A while back, a friend of many years wondered aloud, “How bad does it need to get?” My friend was wondering about the crisis of leadership in the Church — a crisis that reaches across several generations and runs all the way up and all the way through the hierarchy — and what it will take for things to start to improve. On Tuesday, May 28th, 2019, things got worse. They also got better.
Crux and CBS had reports on leaked correspondence that provides further confirmation of restrictions placed on the disgraced and defrocked former Cardinal Archbishop of Washington, DC, Theodore Edgar “Uncle Ted” McCarrick. It also shows very senior Vatican officials who were lax in their efforts to enforce the restrictions Pope Benedict XVI imposed on Uncle Ted in 2008. It shows that McCarrick’s successor in the US capital archdiocese, Cardinal Donald W. Wuerl, knew of the restrictions, despite repeated and increasingly implausible protestations of ignorance.
Pope Francis himself, in a lengthy interview with Televisa’s veteran Vaticanologist, Valentina Alazraki (who blew the doors off the Synod Hall with her speech to participants at the child protection summit in February), also offered protestations of ignorance. “About McCarrick, I knew nothing,” Pope Francis said. “Obviously,” he continued. “Nothing,” he repeated, “nothing,” he said again.
Francis also said he could not remember whether the former nuncio to the United States, Archbishop Carlo Maria Viganò, spoke to him about McCarrick when they met in 2013. “When [Viganò] says he spoke to me that day — he came — and I do not remember if he told me about this — if it is true or not,” the Pope told Televisa. Viganò claims Francis asked him about McCarrick. Even if the former nuncio himself misremembers who initiated the conversation, Francis’s claim is that he can’t for the life of him recall whether his nuncio told him one of his cardinals is a pervert. Let that sink in.
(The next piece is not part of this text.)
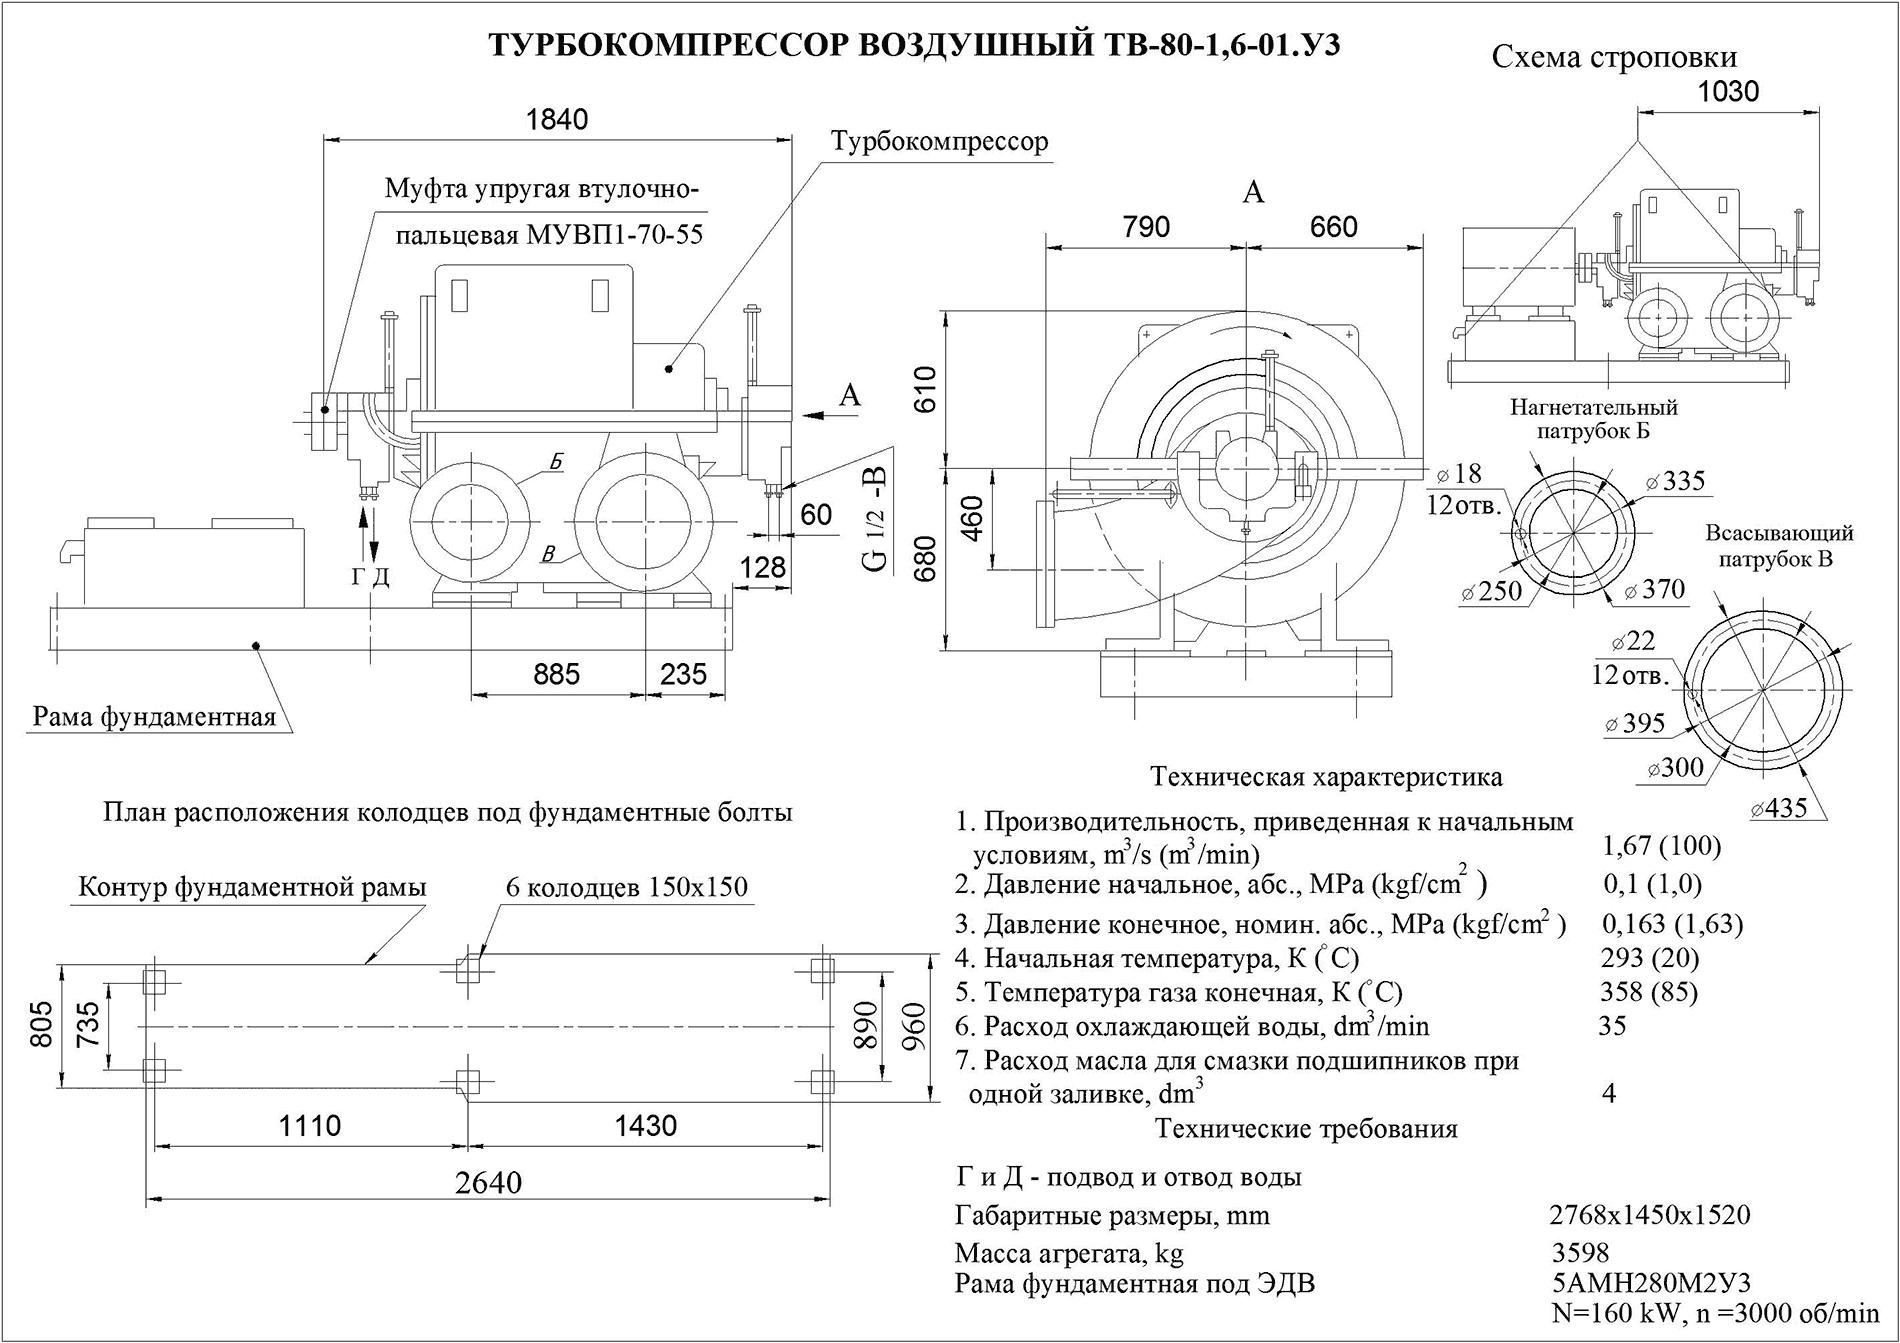 Техническое описание ТВ-80-1,6-01У3

Pope Francis’s powers of recollection do not appear to be at their apex in the interview. At one point, Alazraki asks him about his approach to people in “irregular” life situations, and offers the example of an Argentinian divorcée who spoke with Francis by phone, after which she reported that Francis had given her permission to receive Holy Communion. “What I said to that lady, I don’t well remember,” said Francis to Televisa’s Alazraki, “but I must surely have said to her, ‘Look, in Amoris laetitia there is that, which you must do. Talk with a priest, and search with him’.”
Pope Francis made the phone call to Jaqui Lisbona in response to a letter she had written, seeking counsel from the Holy Father with regard to her spiritual life and relationship with the Church. This was in April of 2014 — Easter Monday of that year, according to several reports — two years almost to the day before Francis published Amoris Laetitia. Pope Francis makes lots of phone calls, though. Perhaps he confused Mrs. Lisbona with someone else, with whom he has spoken more recently.
In the spring of 2018, after the long festering crisis in Chile became an international scandal, Pope Francis swore he’d learned his lesson, and promised to do better. The Chile business exploded in Francis’s face when he repeatedly accused prominent abuse survivors and victim-advocates of calumny, saying that they brought allegations against Bishop Juan Barros without any proof, without evidence.
In the interview with Televisa’s Alazraki, Francis answered a question regarding his staunch support for Honduran Cardinal Oscar Rodriguez Maradiaga, who is accused of corruption and mismanagement as well as coverup. “They say all kinds of things [about] him,” Francis said, “but there is nothing certain.” The Pope went on to say, “[Maradiaga] is honest and I have taken care to look into things well. These are calumnies.”
Francis’s interviewer asked for clarification. Did the Pope mean to say the allegations against Cardinal Rodriguez Maradiaga, the long-serving Archbishop of Tegucigalpa and the Coordinator of Francis’s hand-picked Council of Cardinal Advisers, are calumnies? “Yes,” Pope Francis said, “because nobody could prove anything.”